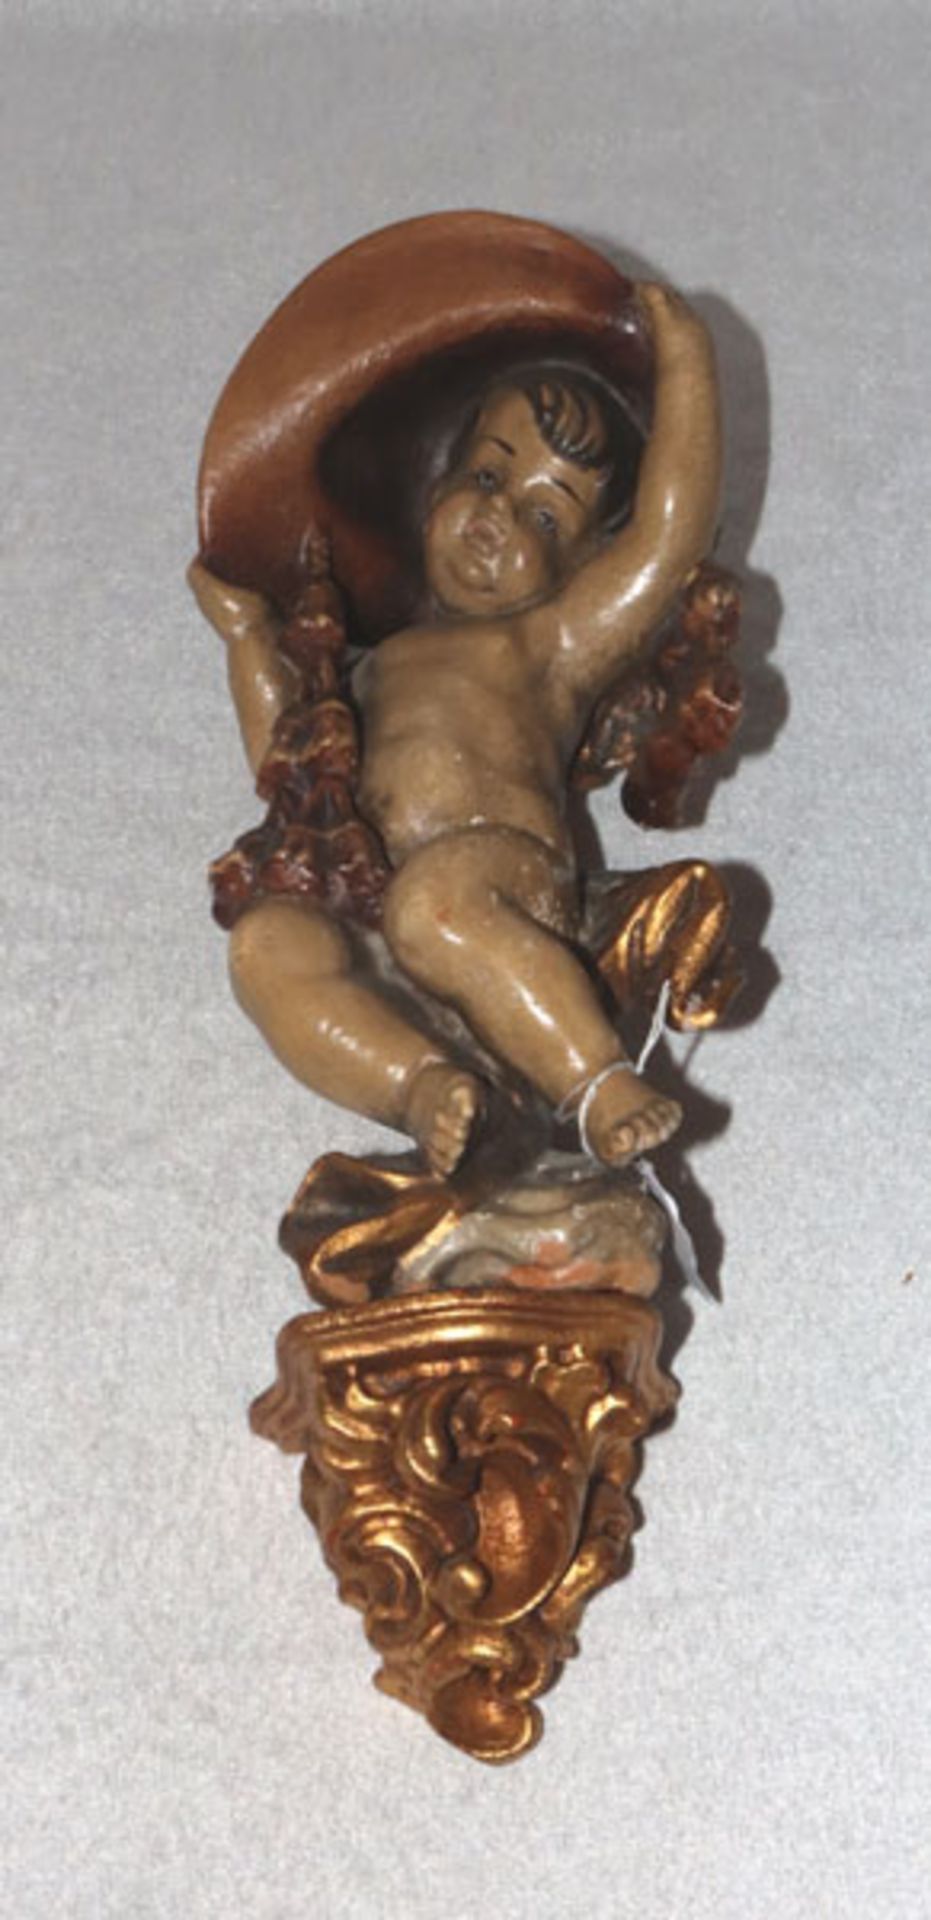 Holz Figurenskulptur 'Engel mit Kardinalshut' und Wandsockel, farbig gefaßt, teils bestossen, H 35
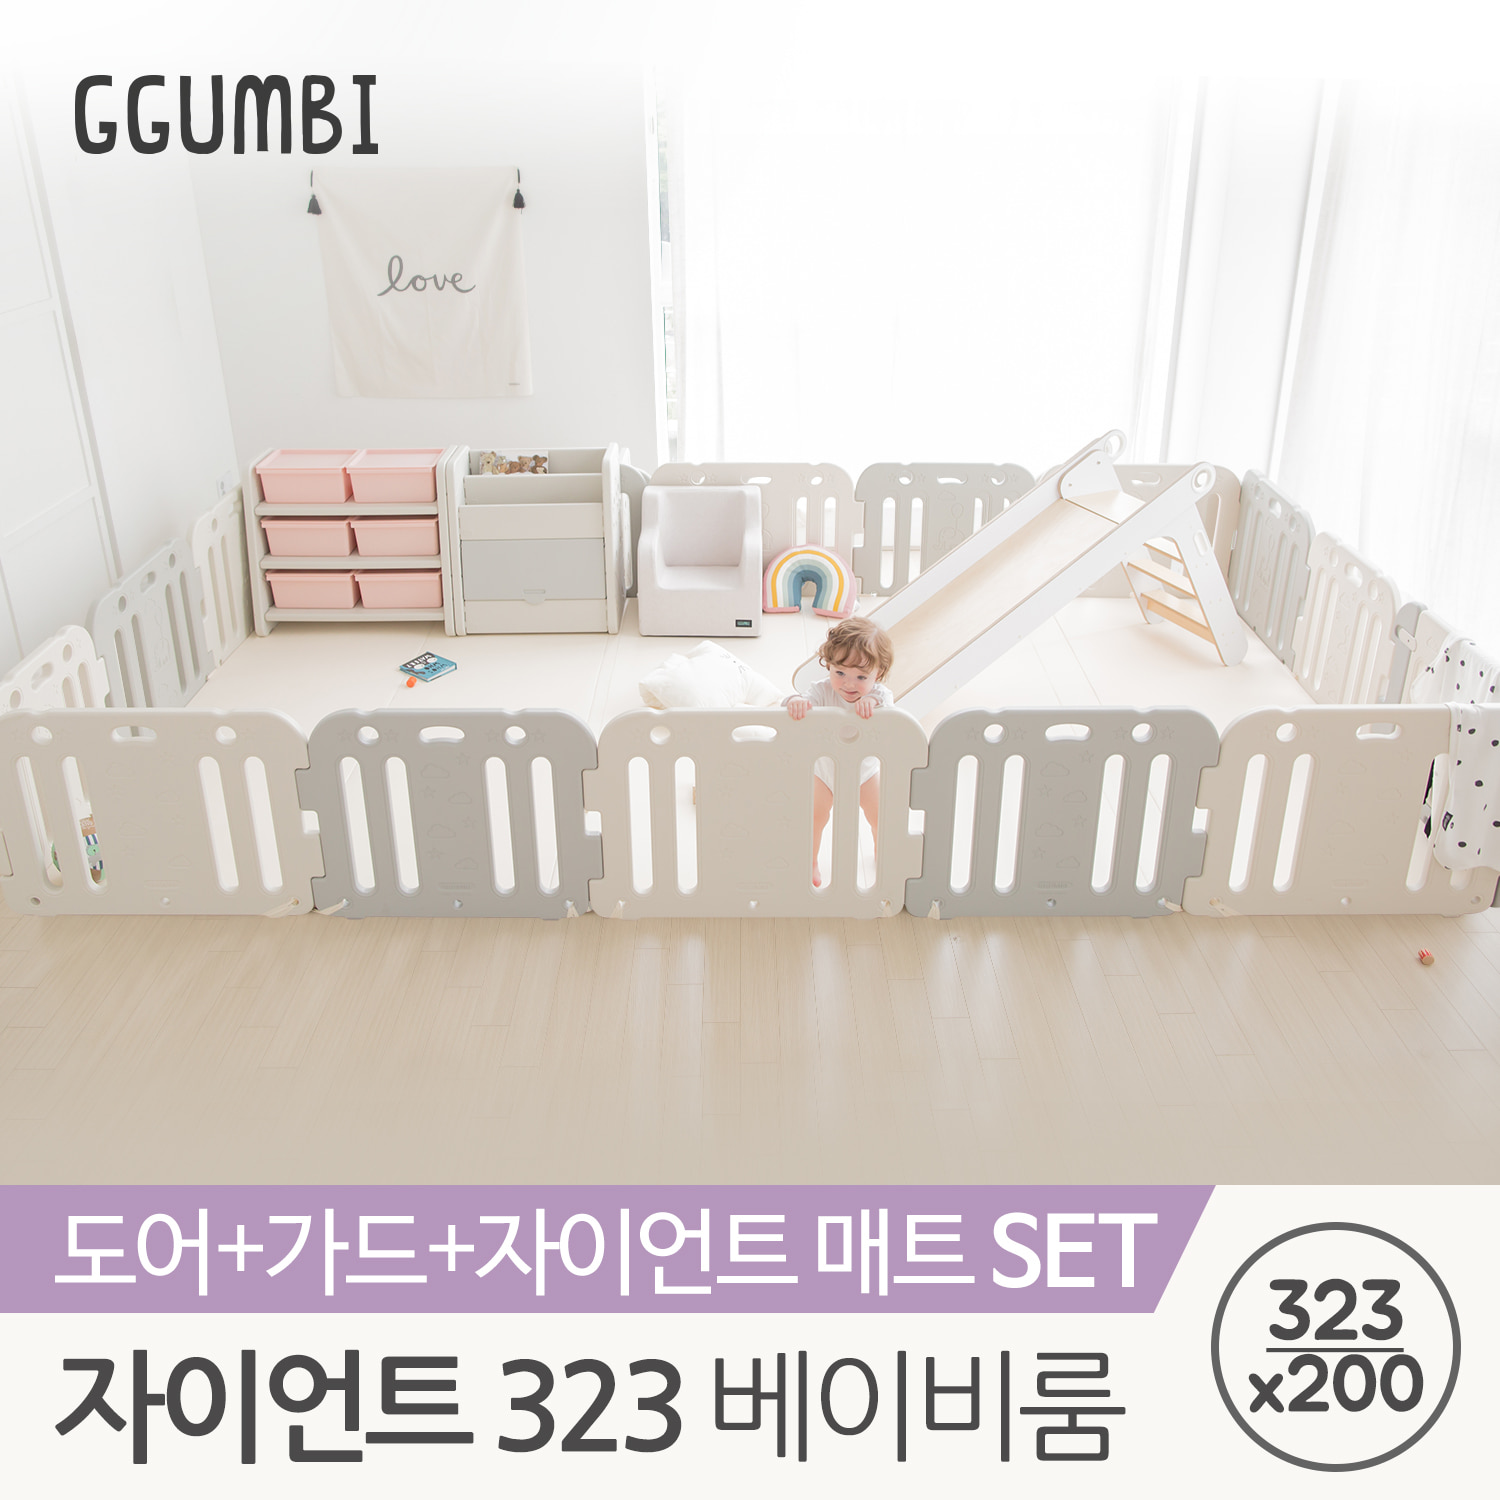 [꿈비] 단독특가★ 323x200 자이언트 플러스 베이비룸 세트 (놀이방매트+가드 16p)
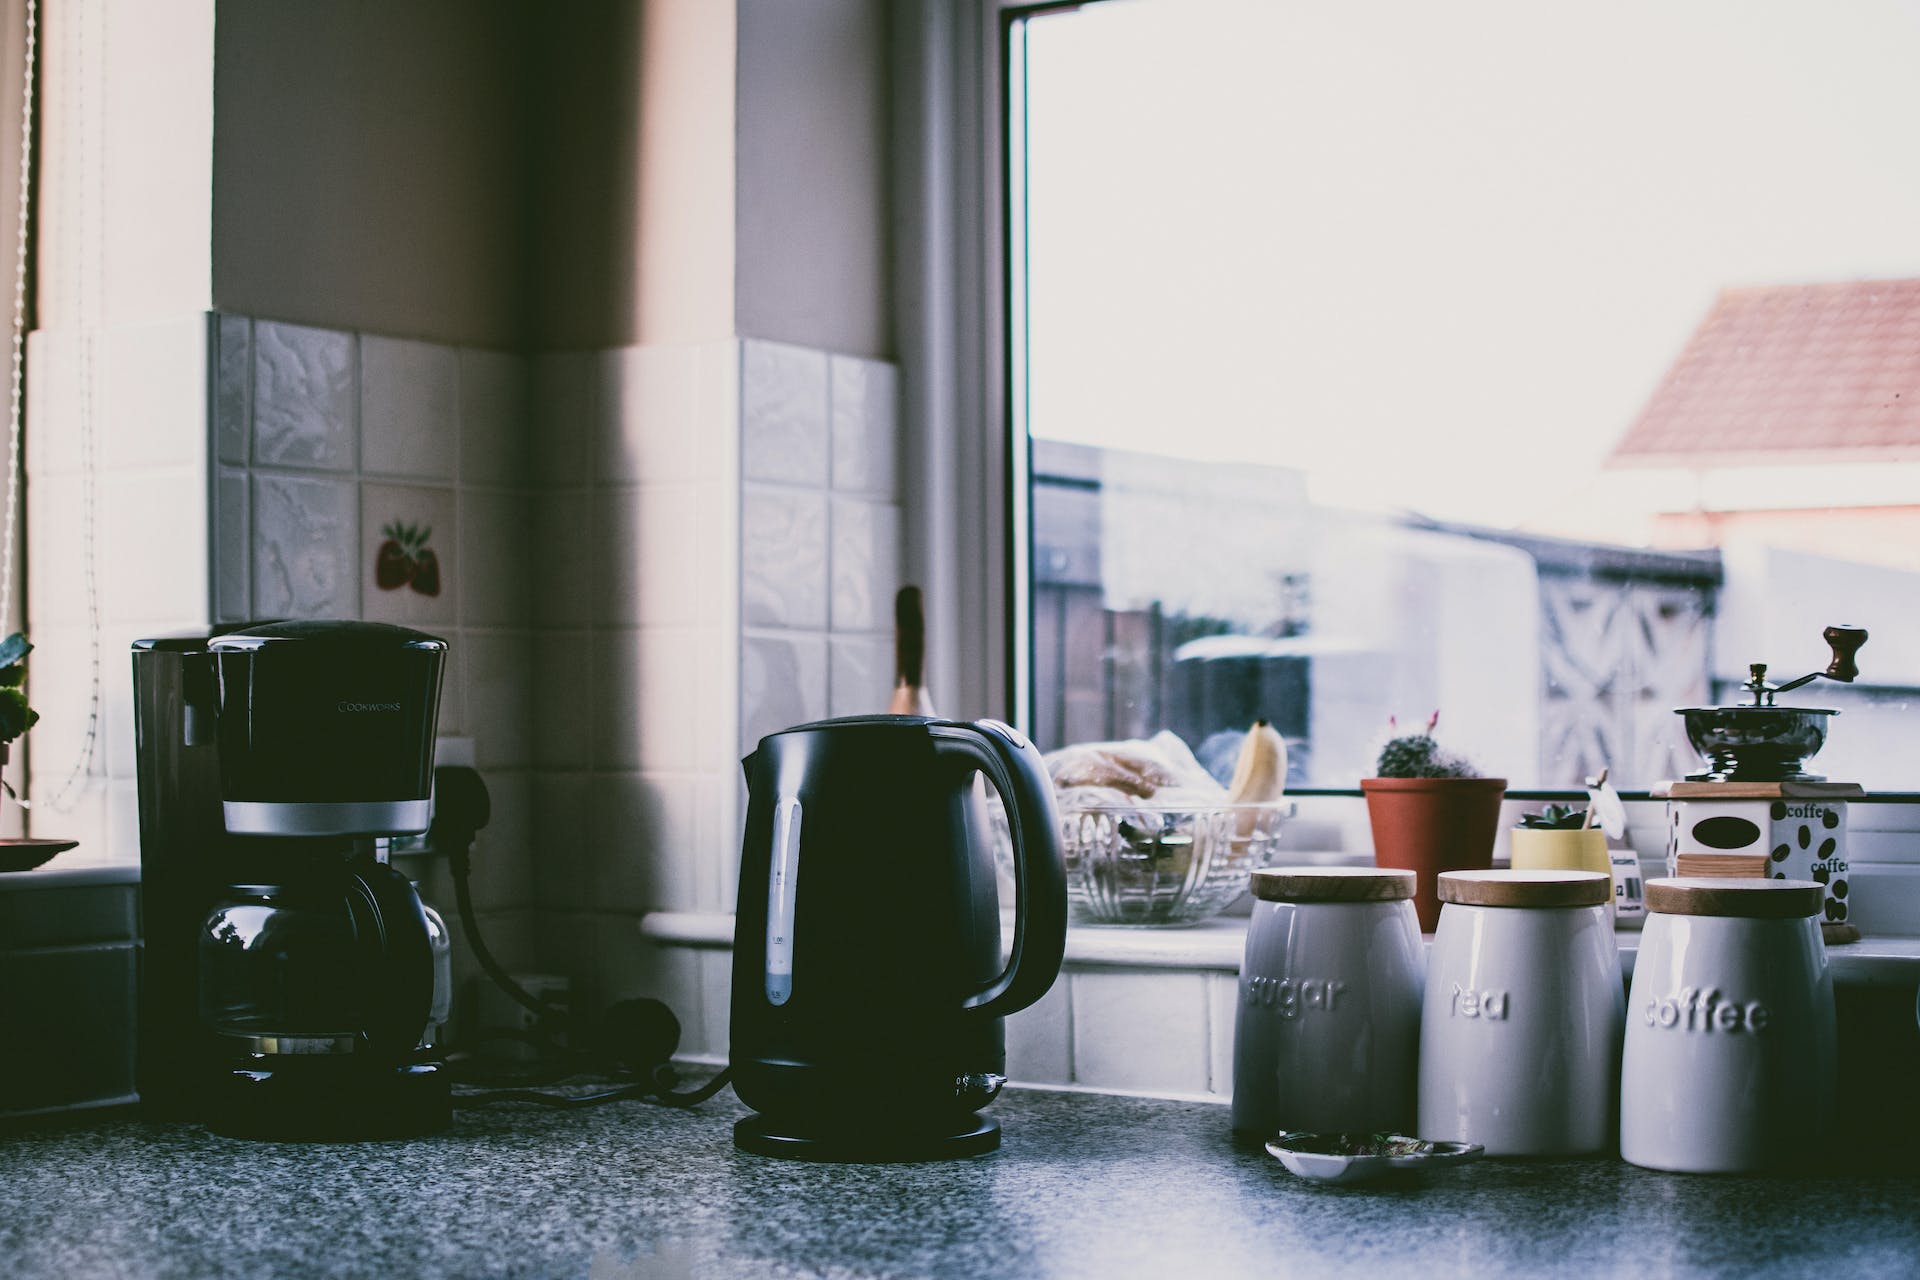 Kitchen countertop | Source: Pexels

▶ **PROBLEM REQUIREMENTS**: Word for word, reproduce the material above and omit each image.

▶ **WRITTEN SOLUTION**:
 Holz Figurenskulptur 'Engel mit Kardinalshut' und Wandsockel, farbig gefaßt, teils bestossen, H 35
 [꿈비] 단독특가★ 323x200 자이언트 플러스 베이비룸 세트 (놀이방매트+가드 16p)
 Kitchen countertop | Source: Pexels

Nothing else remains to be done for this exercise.